Planets, Distant Suns, and Angle nicely compliment one another to assist in amateur stargazing.

The other night, I was out in a relatively cloud-free area looking upwards, and wondered which stars were which. I started out with the app Planets, which gives a nice view of what should be in the sky. It has markings to help determine azimuth and elevation. Notice that East and West are flipped. When you hold the phone face-down, it flips them for you so when you look up, everything lines up properly. At the time I was using it, the moon was in the sky, so I was able to use the app to find North and orient myself to be able to use Distant Suns. Planets does a couple of other cool things as well: it shows the Sun's illumination of the Earth and it shows the times of the rise and fall of the major celestial bodies.

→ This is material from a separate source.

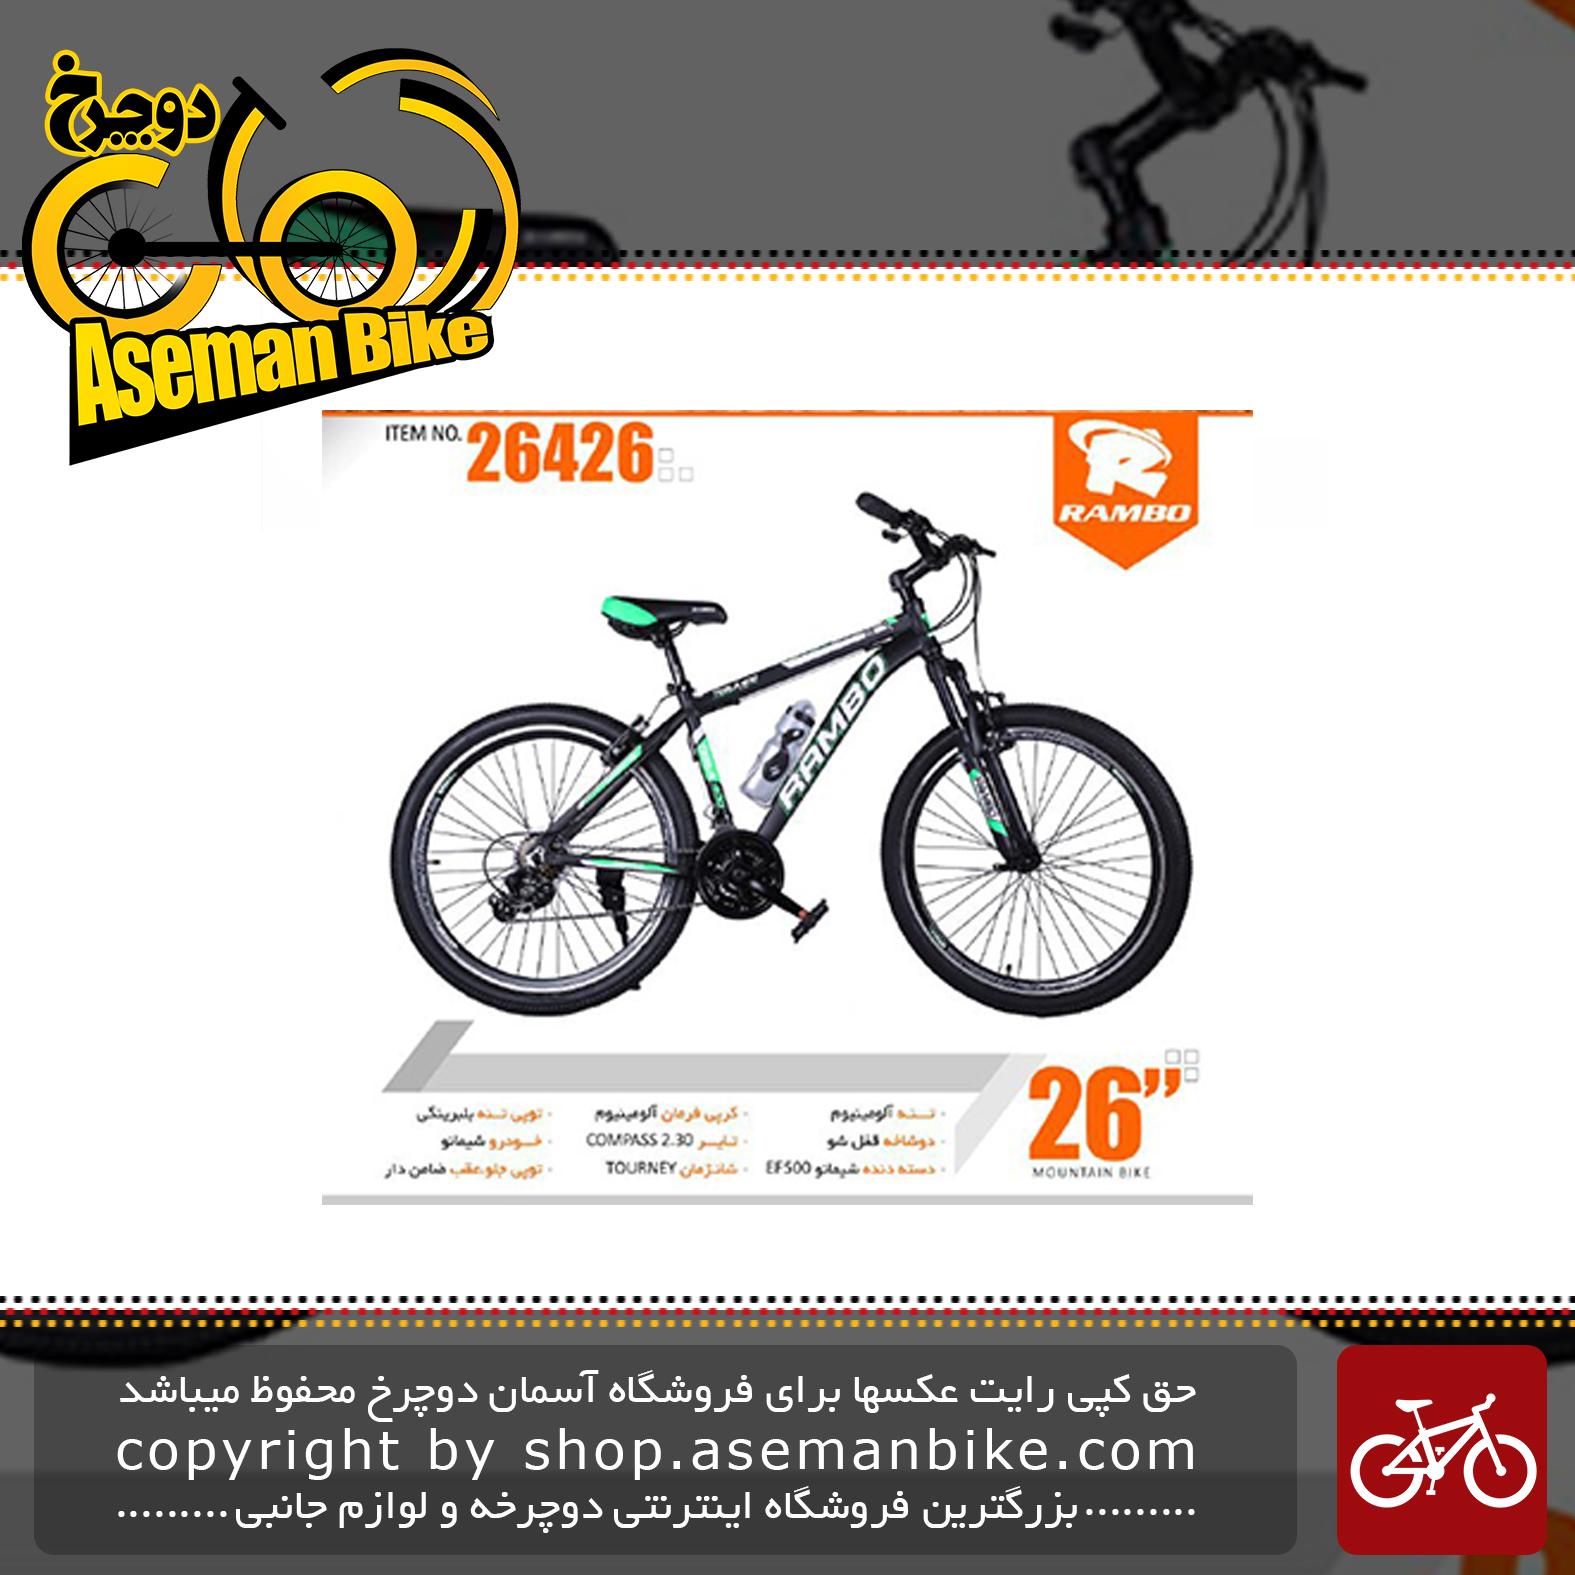 دوچرخه شهری رامبو سایز 26مدل تسلا RAMBO SIZE 26 TESLA

Distant Suns (I used the Lite version) is a more advanced starfinding tool. The display is a bit more busy, but it gives a lot more information. I turned off a lot of the features so all I was shown were the stars and planets and constellation names. Using Angle find a star's elevation and estimating azimuth (I figured out which tree was closest to north and guessed from there) I was able to find three bright stars that lined up. Finding those stars enabled me to find other stars around them, and so on. I used Distant Suns (which was originally released in '89, according to the authors) to identify stars, constellations, planets, and so on. It was a very cool night. The app has a lot more functionality, but without a telescope in the middle of a brightish city, most of it was lost on me.

Angle is a very simple app that measures the angle between the left edge of the iPhone and the ground. Held right, if you sight along the right edge you can measure the elevation of a star. It's a simple app that does one thing well. The feature that makes it work is tapping the dial locks the display. Sight, tap, read. No need to hold it steady to get a good reading.

I highly recommend anybody who lives in an area where stars are visible (I'm in the middle of a big city and I could see them) to download and use these three apps. They're all bug-free (as far as I could tell) and fairly easy to use. Distant Suns took a bit of messing around with to get the hang of it, but it uses the typical iPhone-style controls: pinch, drag, &c.

All apps get two thumbs up: one for concept and one for execution. If you get the chance, download these three apps and head out at night to look at the stars.